From the first line to the last, copy the listing exactly and omit the images.

> AVAILABLE DATA:
==================================================

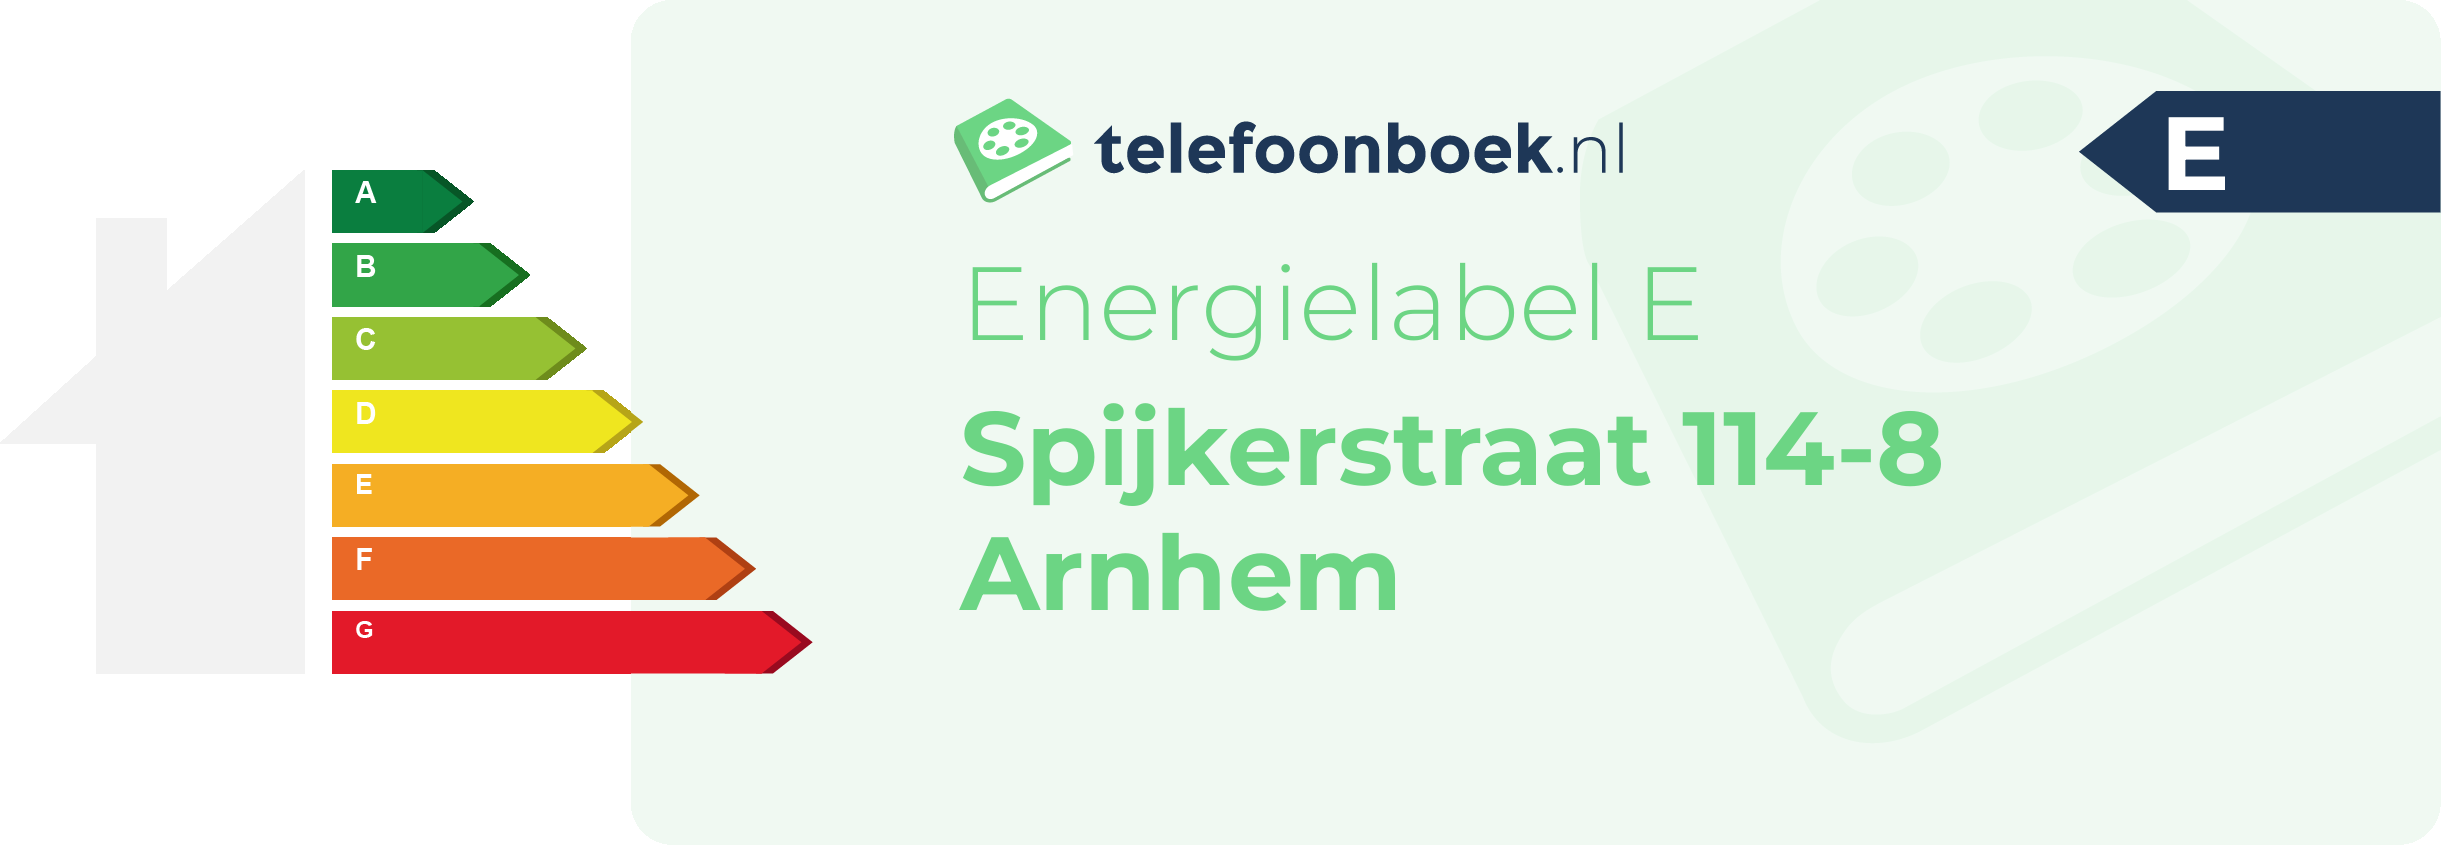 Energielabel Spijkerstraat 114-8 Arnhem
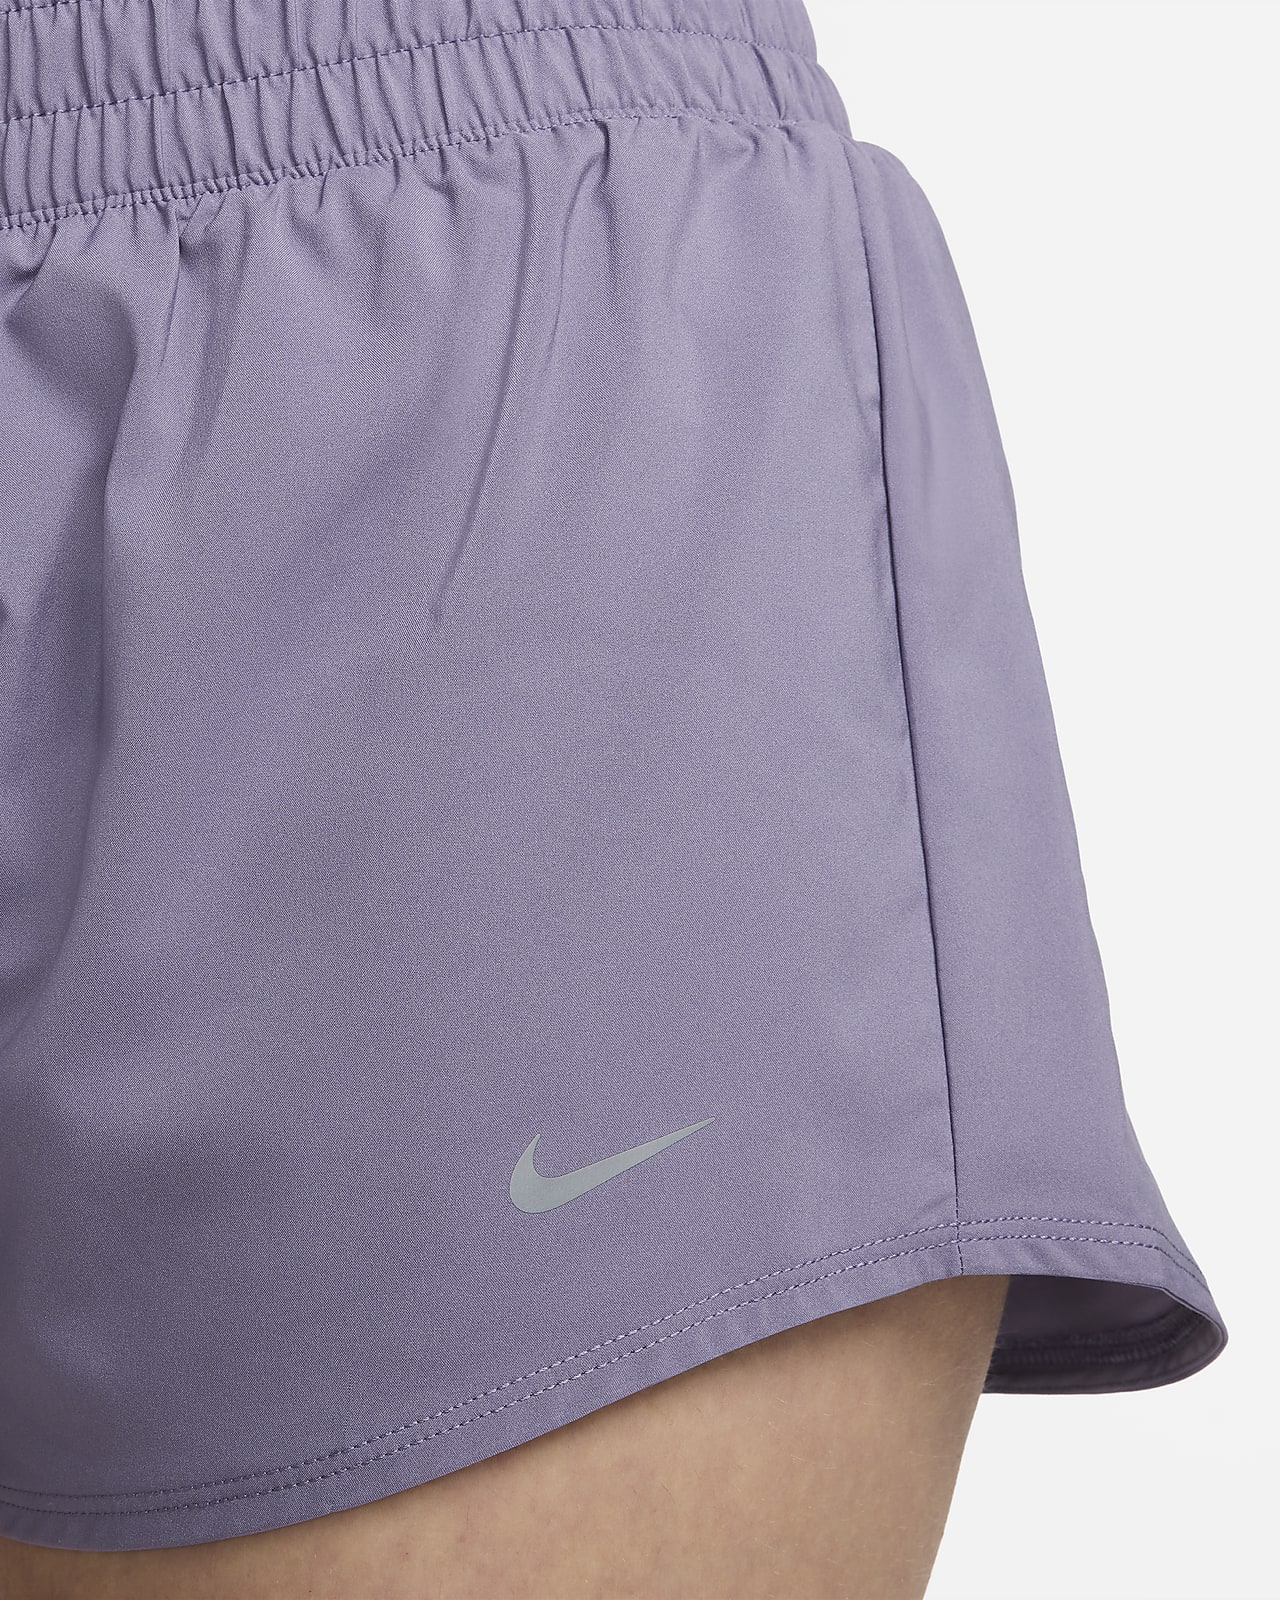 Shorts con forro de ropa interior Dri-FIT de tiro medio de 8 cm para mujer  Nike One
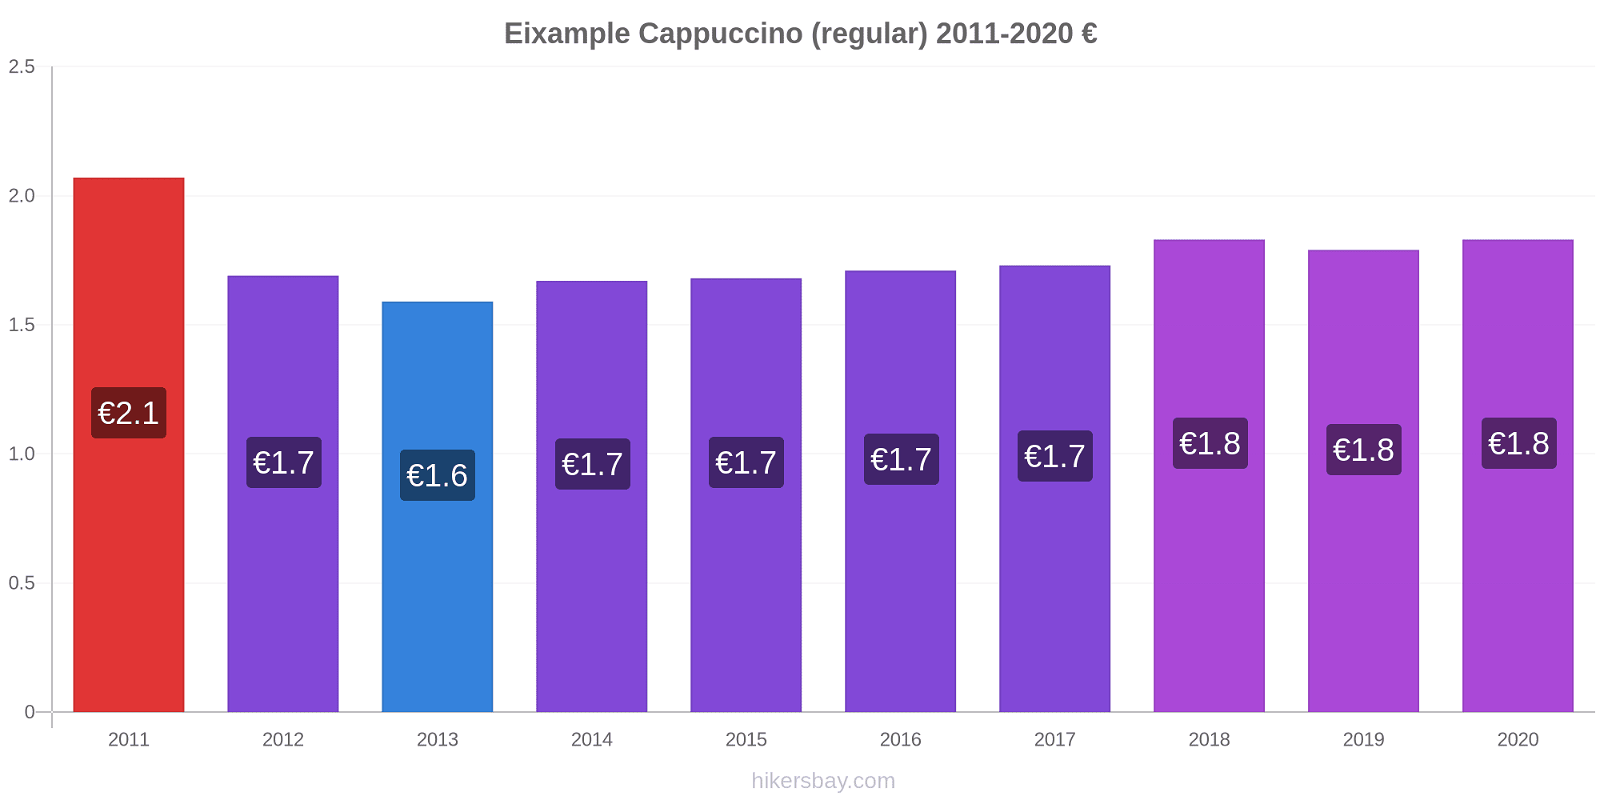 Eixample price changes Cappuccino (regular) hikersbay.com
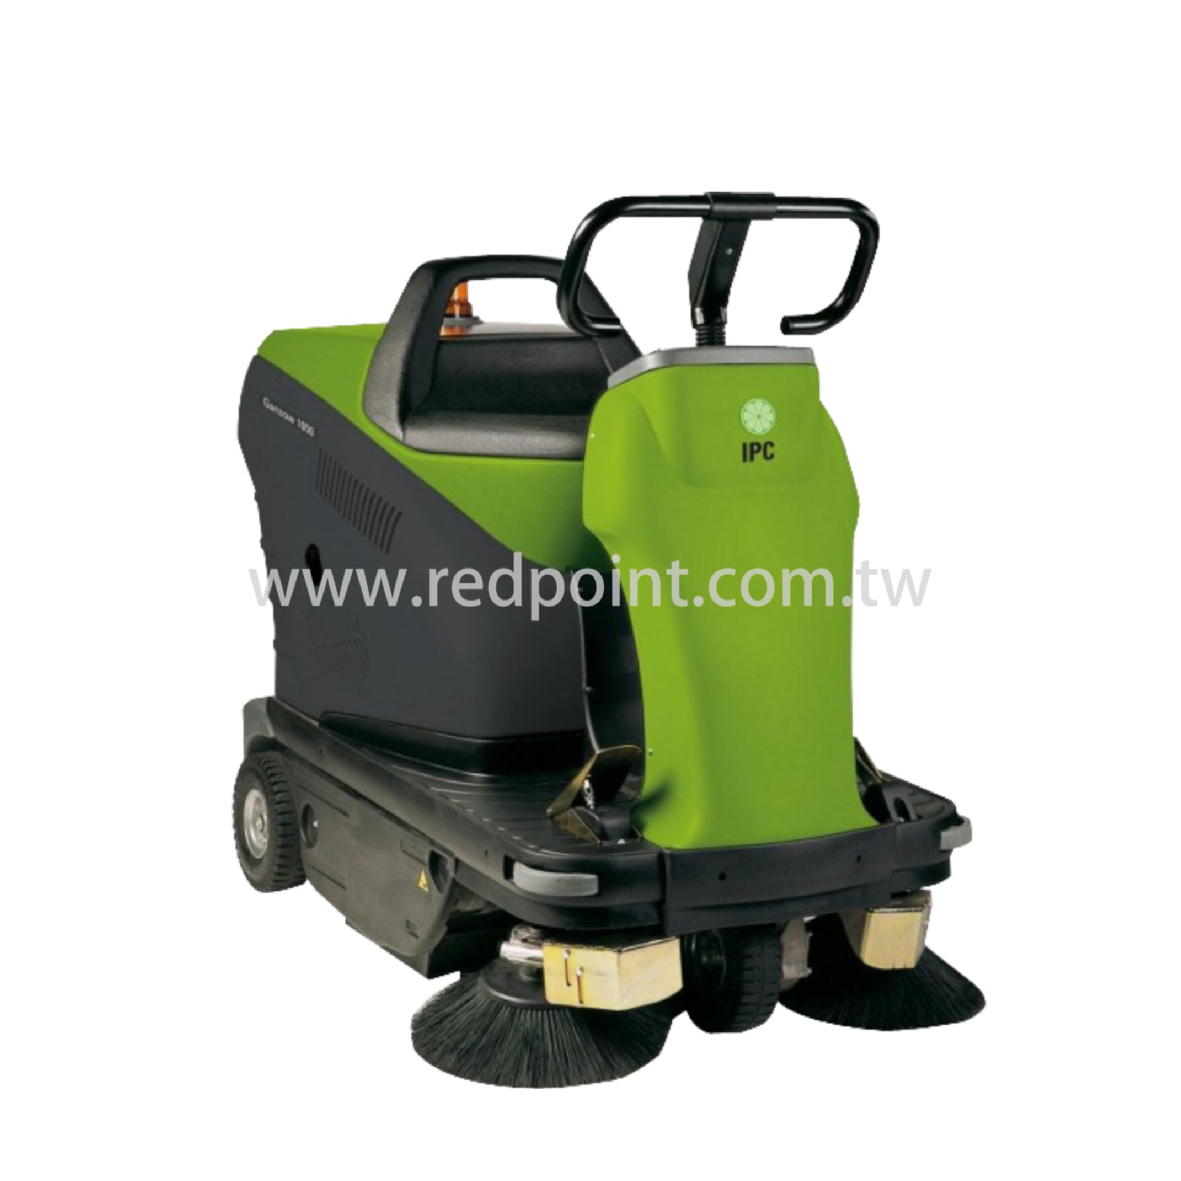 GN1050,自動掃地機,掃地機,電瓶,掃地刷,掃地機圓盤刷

==================================================

> EXERCISE ANSWER:
 Energielabel Spijkerstraat 114-8 Arnhem
 Shorts con forro de ropa interior Dri-FIT de tiro medio de 8 cm para mujer  Nike One
 Eixample price changes Cappuccino (regular) hikersbay.com
 GN1050,自動掃地機,掃地機,電瓶,掃地刷,掃地機圓盤刷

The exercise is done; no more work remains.